## Exercise goal
Of the lines in the material below, print only those from the one containing "PHILIPPINEN REISEN - ORTE- NEGROS" to the one containing "ポヨン(かわいい音)の未再生の波形", ends included, exactly as written and without pictures.

## Records to process
--------------------------------

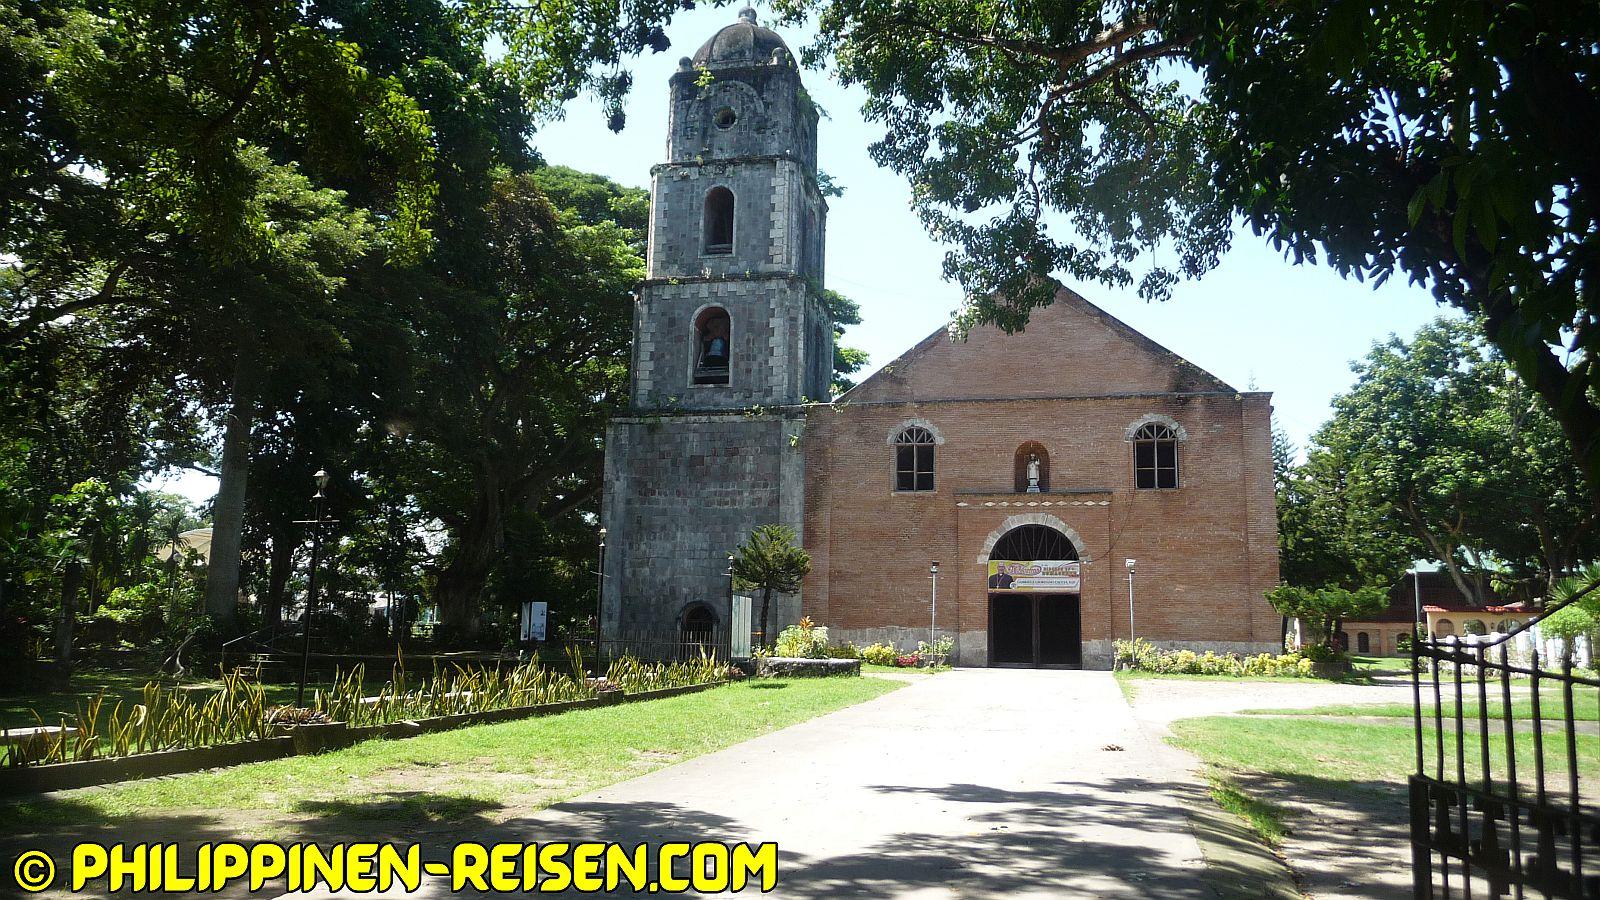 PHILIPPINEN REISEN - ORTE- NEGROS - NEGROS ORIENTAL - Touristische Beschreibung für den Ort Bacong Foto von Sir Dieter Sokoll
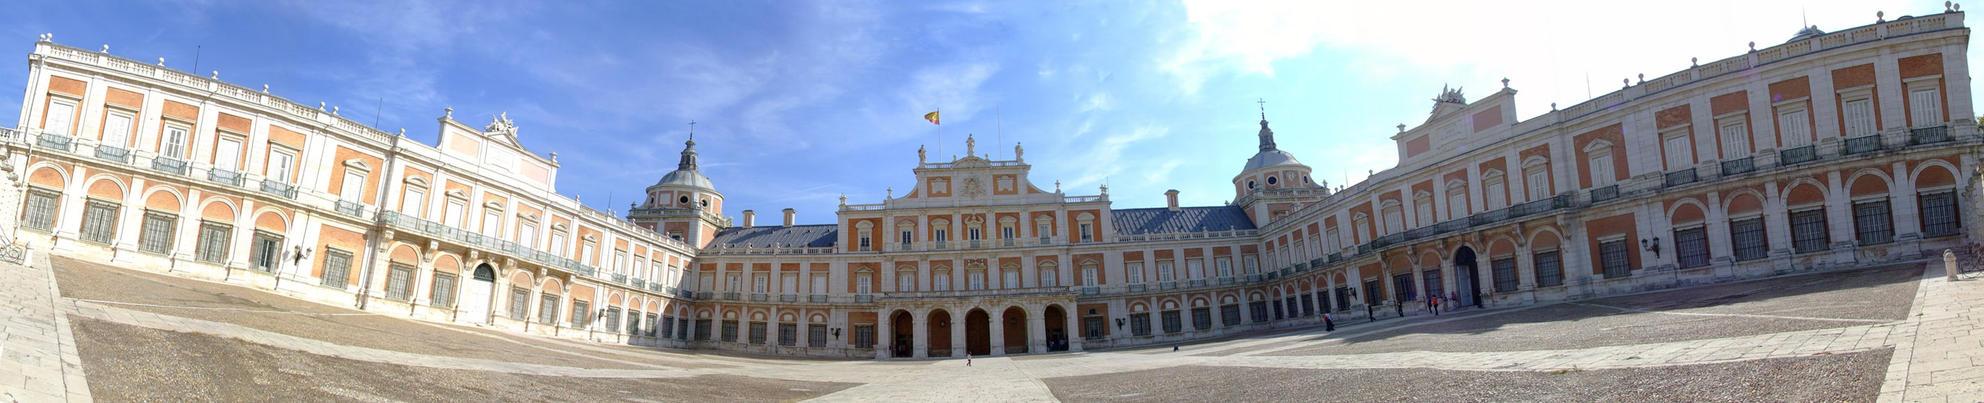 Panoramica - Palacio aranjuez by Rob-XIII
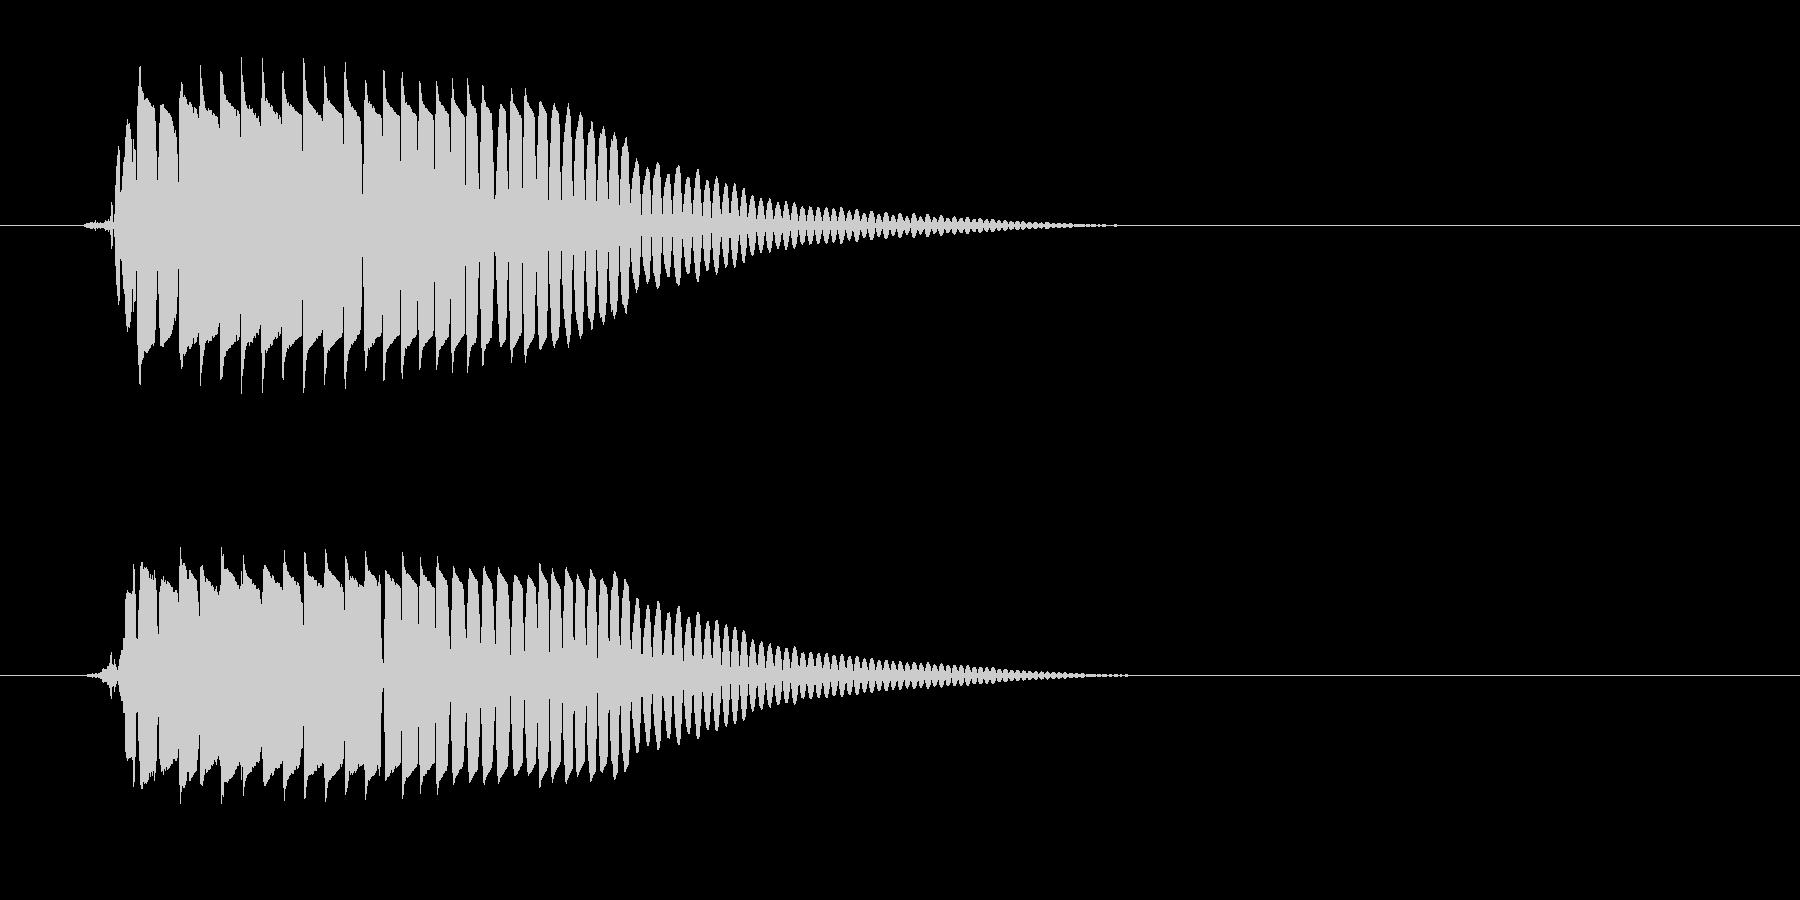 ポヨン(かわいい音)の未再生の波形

--------------------------------

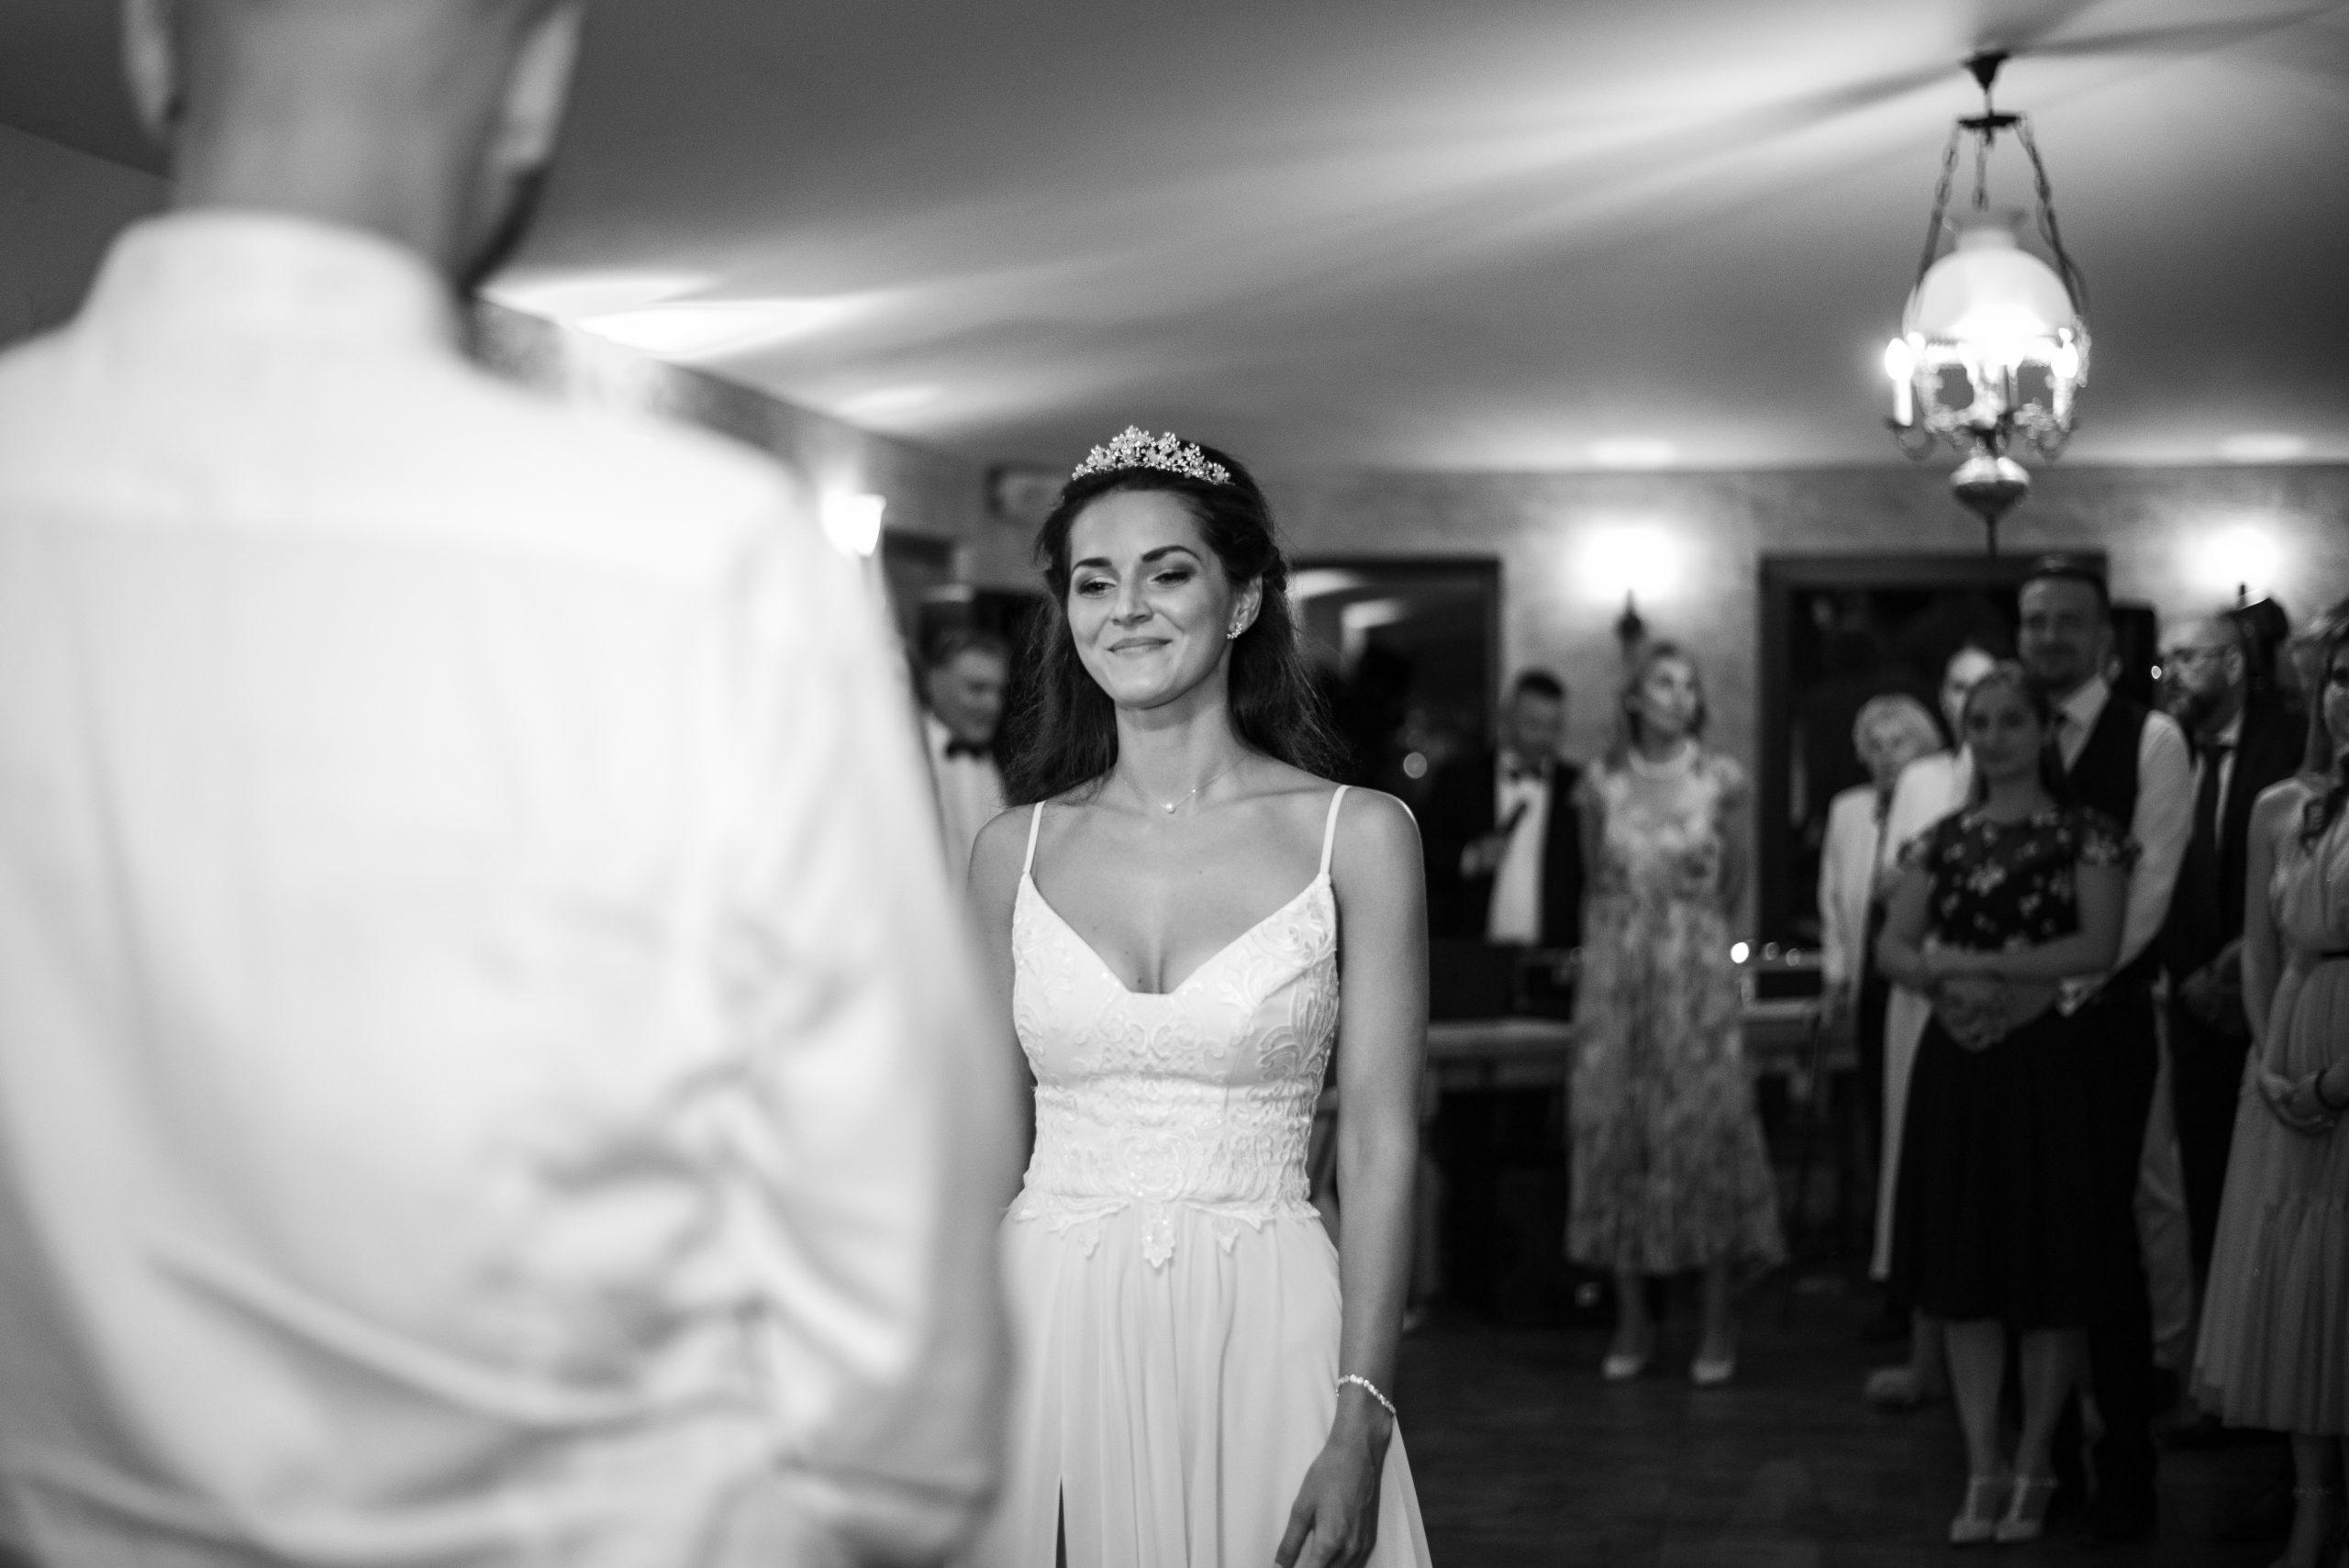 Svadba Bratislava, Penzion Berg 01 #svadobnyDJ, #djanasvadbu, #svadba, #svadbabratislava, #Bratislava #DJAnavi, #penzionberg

--------------------------------

## Result
 PHILIPPINEN REISEN - ORTE- NEGROS - NEGROS ORIENTAL - Touristische Beschreibung für den Ort Bacong Foto von Sir Dieter Sokoll
 Panoramica - Palacio aranjuez by Rob-XIII
 ポヨン(かわいい音)の未再生の波形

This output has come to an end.